As the year drew to a close, the jig was up. Outgoings were way higher than incomings. I was skinny as a rake, subsisting on lattes and bagels with cream cheese. My credit cards were tapped out and I couldn’t work for American companies as my visa only allowed me to be a journalist for overseas media. Meanwhile, I’d submitted a phone-book sized document to get my green card as an “Alien of Extraordinary Ability” (with a letter of recommendation from Lachlan Murdoch, which is kinda embarrassing now), but all signs were it could be a year or longer before a decision was made given the immigration department was still coping with a massive post-9/11 backlog.
So, I called it. I gave up my lease, shoved the little I owned into a storage unit deep on the west side, and flew home. I needed the comfort of people who loved me and the reassurance I was more than just a massive failure; that while New York City had whacked me around the head for the better part of a year, my core skills remained and better times had to be ahead. Surely.
About this series: Australian almanac
This is part of a series of articles examining what the heck has happened in Australia in the 23-odd years I’ve been living in the United States. The introduction to this series is here, and related posts below:
When voters finally figured that out, they bounced Howard like a bad cheque. He held off calling an election until the last possible minute and the Labor Party under Kevin Rudd swept to power in late 2007, with Howard himself becoming only the second sitting prime minister to lose his seat (to Maxine McKew!).

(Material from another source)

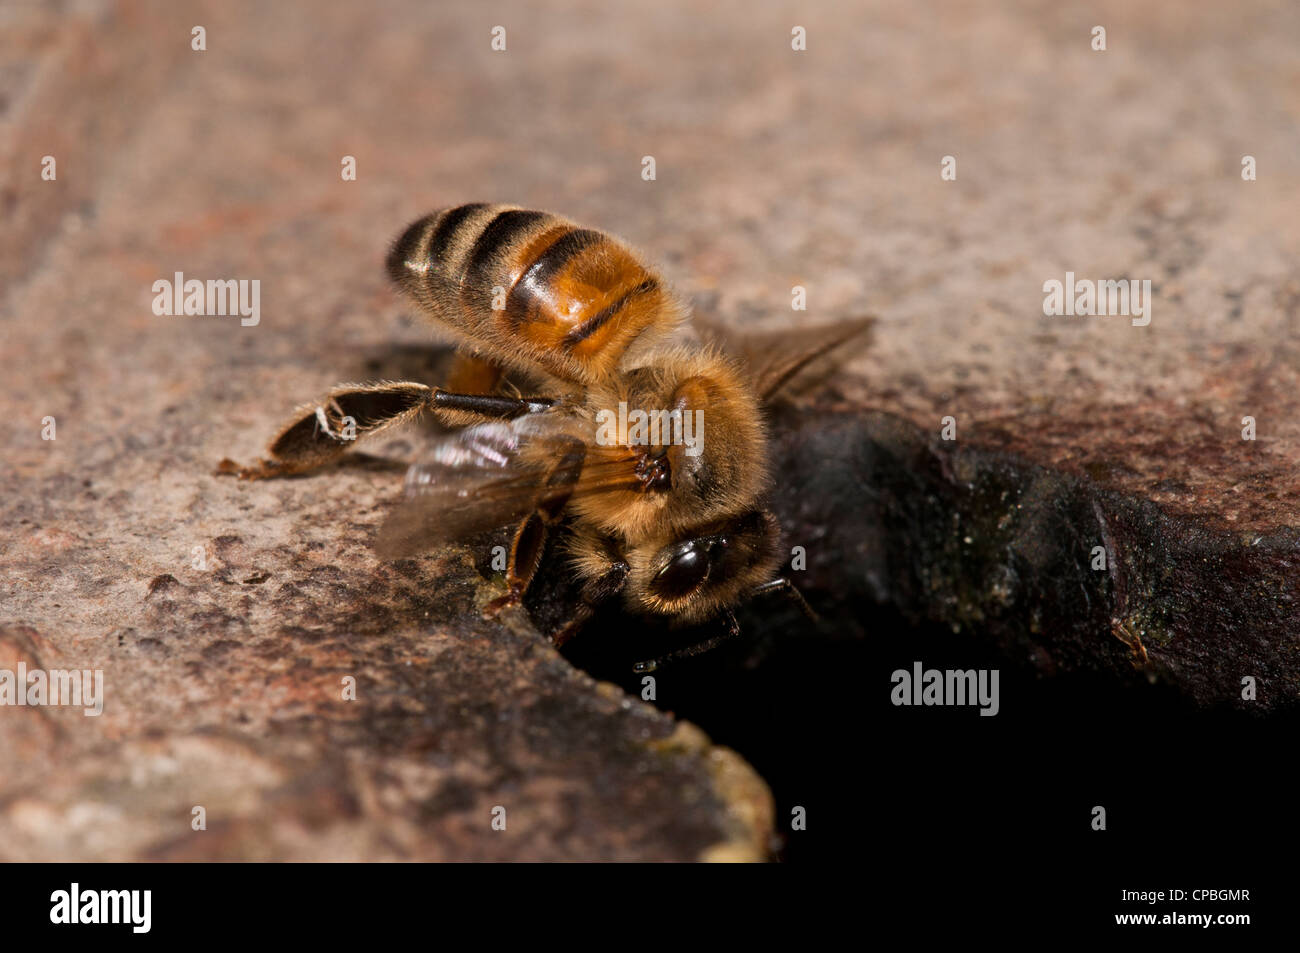 Un travailleur d'une abeille domestique (Apis mellifera) retourner au nid après la recherche de nourriture. Nature Rerserve glosas emilianenses, Bexley, Kent. Juillet. Banque D'Images

Same-sex marriage became legal in Australia in December 2017 following a voluntary postal survey where 61.6% of respondents supported changing the law to allow same-sex couples to marry. I wasn’t there, but three things. You mean to tell me almost two-in-five Aussies in 2017 still didn’t support gay marriage? Second, you mean to tell me almost two-in-five Aussies in 2017 still didn’t support gay marriage? And third, you mean to tell me almost two-in-five Aussies in 2017 still didn’t support gay marriage?
The Block is also a bellwether of the insane Australian property market. The format is simple: teams separately renovate identical properties, which are then sold at auction. Whoever gets the most money wins. In season one in Bondi, the winning profit—the amount the winning seller cleared—was $156,000 and the combined profit from all the apartments sold at auction was the $443,000. In last year’s season on Phillip Island, the winning profit was being $1.55 million and the total profit from properties sold $5.33 million.